The recent debate among food writers on the New York Times op ed page and Grist magazine highlighted a glaring problem, one that concerns not only our food system but also our advocacy for a better one: The middle is going missing, and no one's speaking up for it.
The two "sides" of the debate (which, as I've stated, I don't believe are really opposing sides at all) seem to be speaking up for the benefits of the extremes. Stephen Budiansky writes in the New York Times that industrial operations might have their place in a workable food system in instances where the efficiency they offer is tantamount. The writers on Grist, on the other hand, emphasize that there are myriad values to small and local agricultural enterprises, including vibrancy of community, improvement in food safety, and health of local economies, to name a few.

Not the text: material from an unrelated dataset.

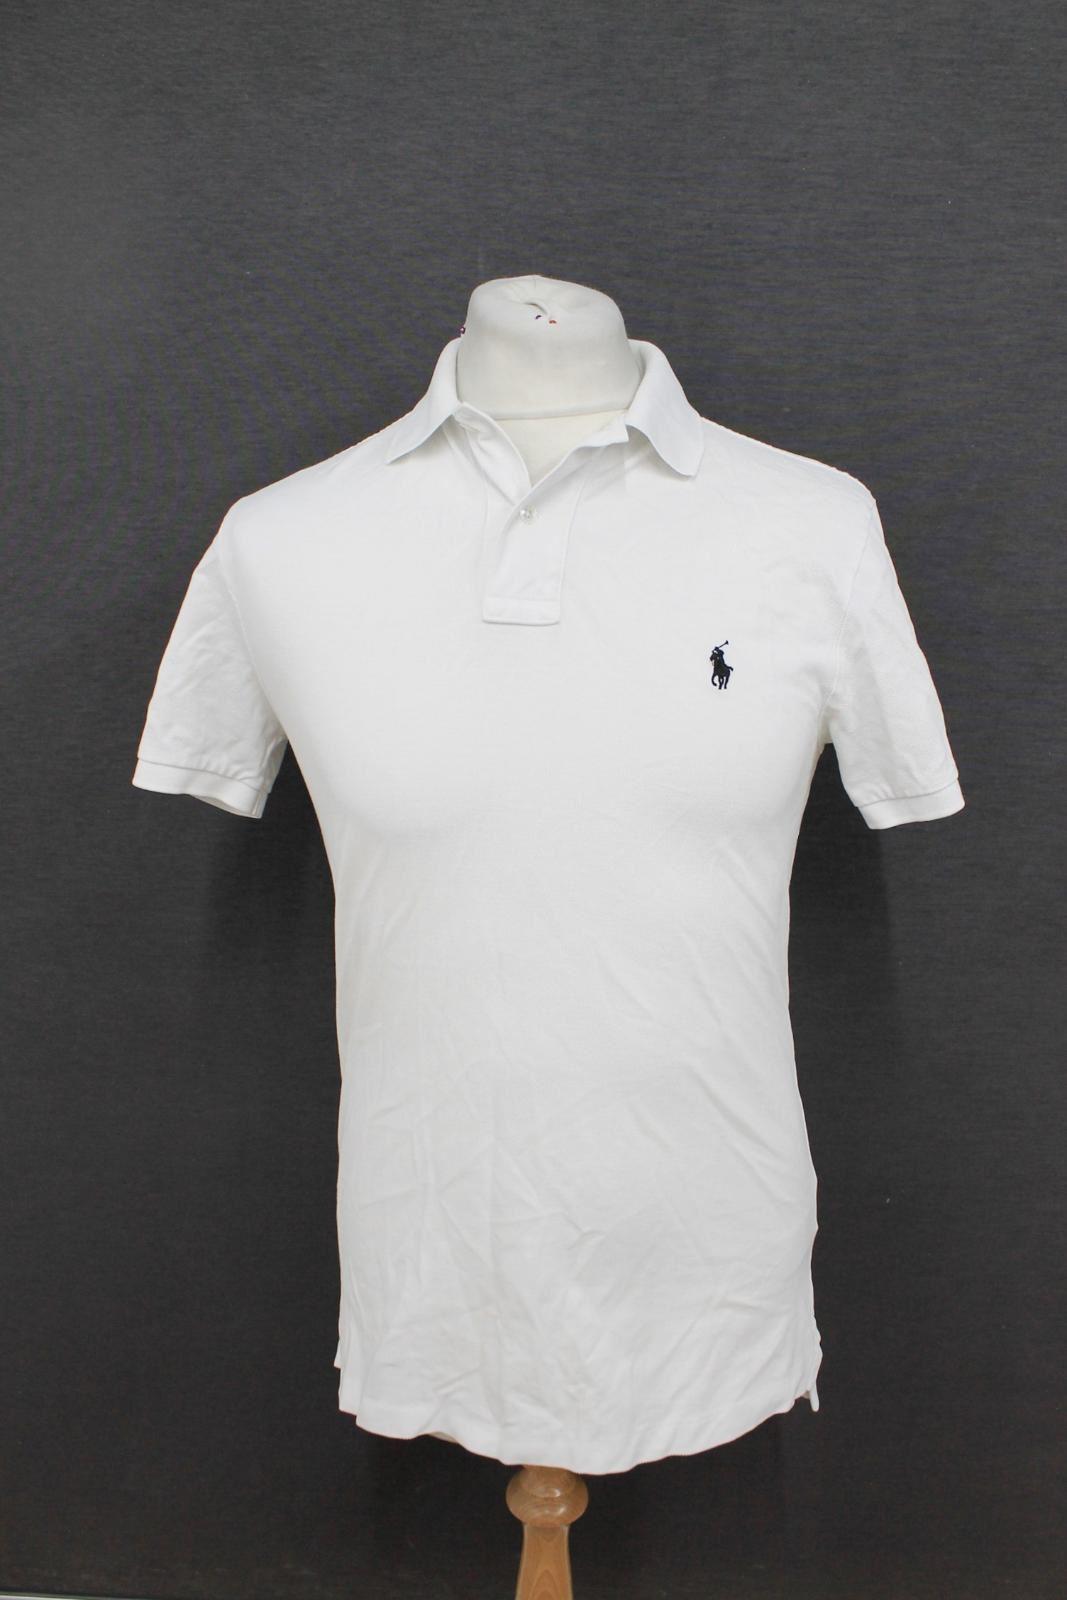 POLO by RALPH LAUREN uomo bianco a maniche corte Stretch slim fit polo shirt M

What is conspicuously missing from this conversation is a voice speaking up for the types of enterprises most eligible to form the basis of a sustainable food system for our big country: mid-sized, regionally focused farms and businesses. The middle, unfortunately, is not a sexy pick. The players in this arena don't have the level of mechanized muscle that characterizes the big guys, but they also don't have the quaint, homespun feel that endears the little guys to so many. What they do have, however, is the ability to be relatively efficient, responsible to the environment, and responsive to their communities, all at the same time.
Isn't that what we all want, after all?
Some who study the issue of sustainable food production have long ago come to the conclusion that we need to focus our food system on a regional scale where middle-sized enterprises do the bulk of the heavy lifting. In the most notable example of those who are speaking up for this priority, an inter-institutional committee headed by Fred Kirschenmann of Iowa State's Leopold Center for Sustainable Agriculture have put together a program on the Agriculture of the Middle. The researchers point out that 80 percent of U.S. farmland is managed by mid-scale farms that are finding it difficult to succeed in a food system increasingly geared toward only the large-scale bulk and the small-scale niche markets. "If present trends continue," the project's Web site states, "these farms, together with the social and environmental benefits they provide, will likely disappear in the next decade or two."
I recently went to the Leopold Center offices on Iowa State's lovely campus to ask someone about the middle's role in a sustainable food system. Associate Director Rich Pirog, the leader of the Marketing and Food Systems Initiative, told me that there is a general lack of support for helping farmers create and maintain businesses at this scale. "Part of it is the market infrastructure isn't there," he said. "Part of it is the incentives aren't there. There's a number of policy changes that would need to be put in place to make those opportunities grow."
He'd like to see the development of regional hubs for cooling centers and distribution. Needed also is greater availability of information about how to scale-up a food-related business or how big farms can diversify and tap into regional markets.
And then there's the matter of incentives: Right now, many systems seem to be set up to dissuade those who might be interested in working in middle-scale farming or diversifying to hit a regional market instead of the commodity market."It would be easier here in Iowa for a farmer to go and get a recreation loan to buy a boat than it would be for a farmer to get a loan to buy a string bean picker because of the risk associated with the picker," Pirog told me. "If there's no one else that has one, then if I loan it and he defaults, what am I going to do with a string bean picker?"
The farmers who want to work on bulk commodity crops don't have the same problem, however. "If it's a conventional farmer and it's a combine, everybody has those and are using them," he said. The upshot? "We have to be able to provide more incentives."
Once we figure out how to do that, it's got to happen fast. Otherwise, America's going to be left with a food system composed entirely of the big and the small, the national/international and the hyper-local, the super cheap and the very costly. Unless we want to live in a world with nothing between these extremes, we better start speaking up for the middle.